How many people do you see each day who you will never see again? Hollow Bodies’ sixth album finds poetry inside of a regular commute. Over the course of 9 story songs the Seattle rockers survey Sisyphean lawn-enthusiasts and powerpoint presentations gone wrong to help you survive your nine to five.

Not that this  Seattle-based trio forces their disaffection upon the listener. For theirs is a more subtle approach that persuades you of the pertinence of their disaffection and forgoing obvious melancholy with the justaposition of fuzz, jangle riffs, and a sound reminiscent of mid-2000s alt-rock greats such as Elbow, Interpol, and Idlewind  in Set Of It All, Hold Onto Midnight and Adrift all of which are engulfed by the beauty of Anand Balasubrahmanyans’ vocal delivery that is very reminiscent of Paul Heaton’s immaculate sweetness.

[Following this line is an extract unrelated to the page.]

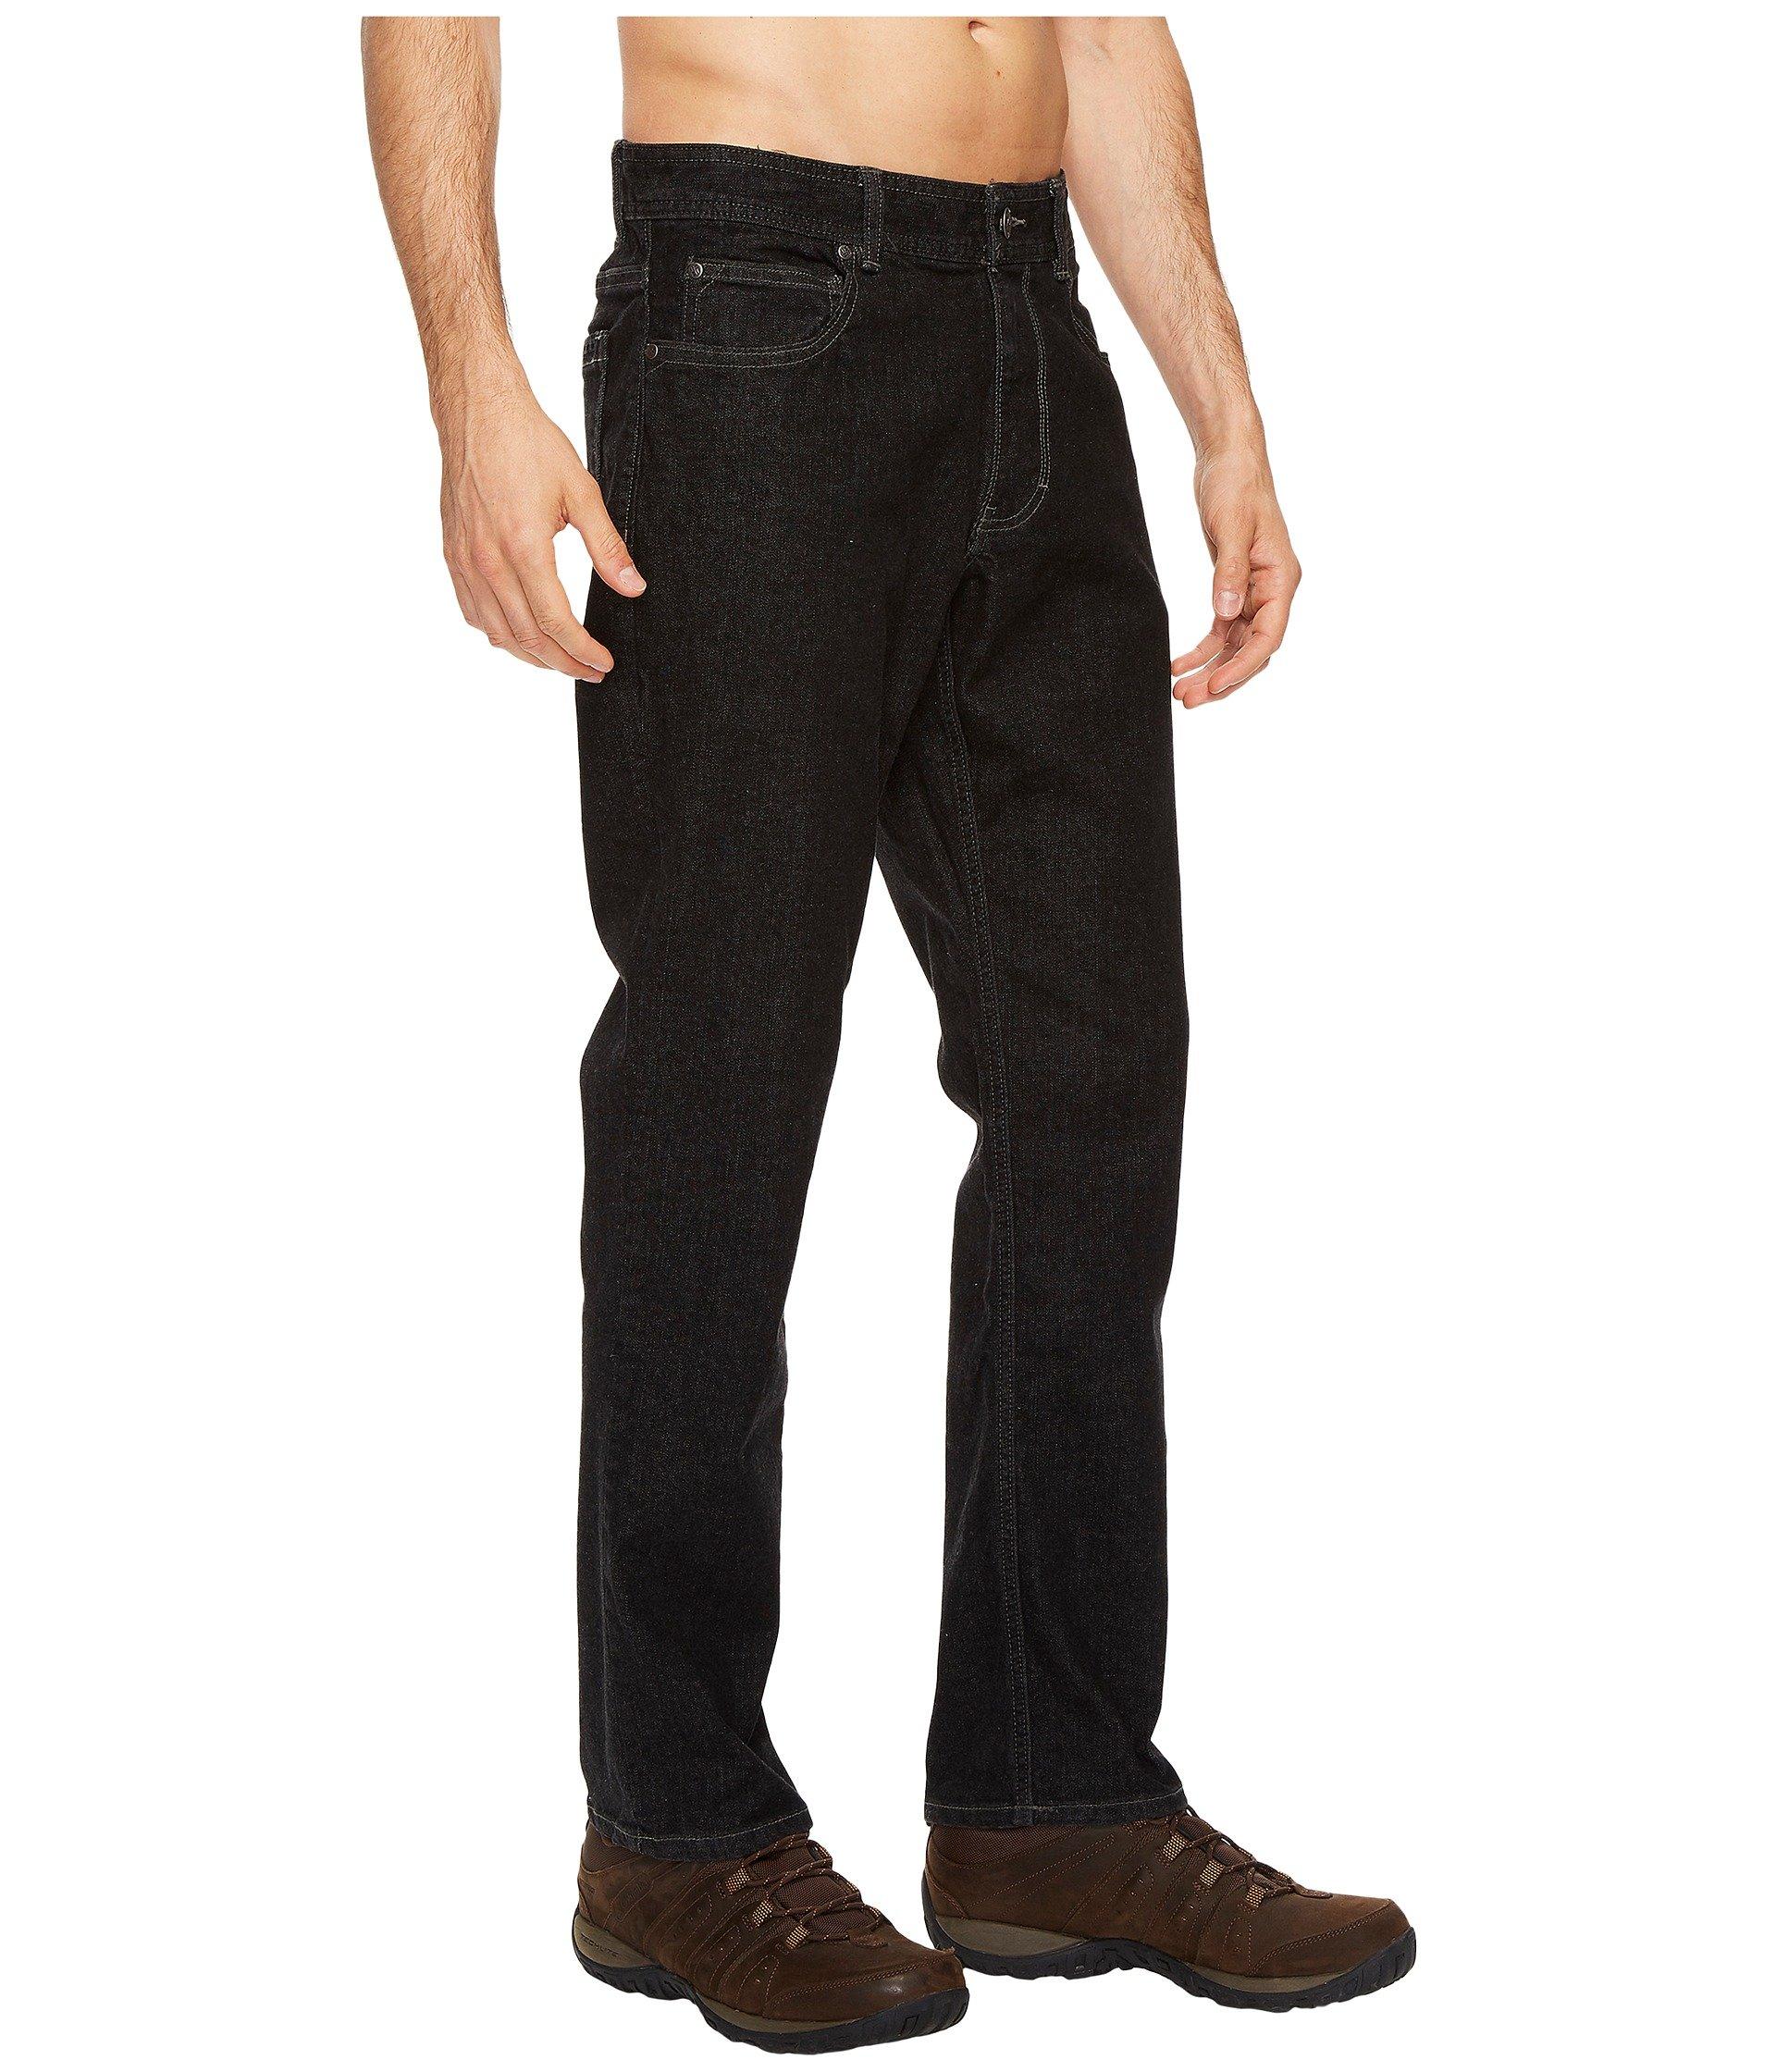 Black Pants Columbia Peak Pilot Denim Sg4wOCzn

In fact, the blue-collar everyman feel of one of Heaton’s acts, The Housemartins, is heard in the incessant drive and playfulness of tracks best represented by Battery Park Wallflower, Instinct, and Bronze, which are the sort of adult-pop tracks that tick every earworm box imaginable.
If you have not succumbed to the joys and possibilities of the Hollow Bodies vibe yet, this album is quite probably their finest yet and is a superb place to start that journey.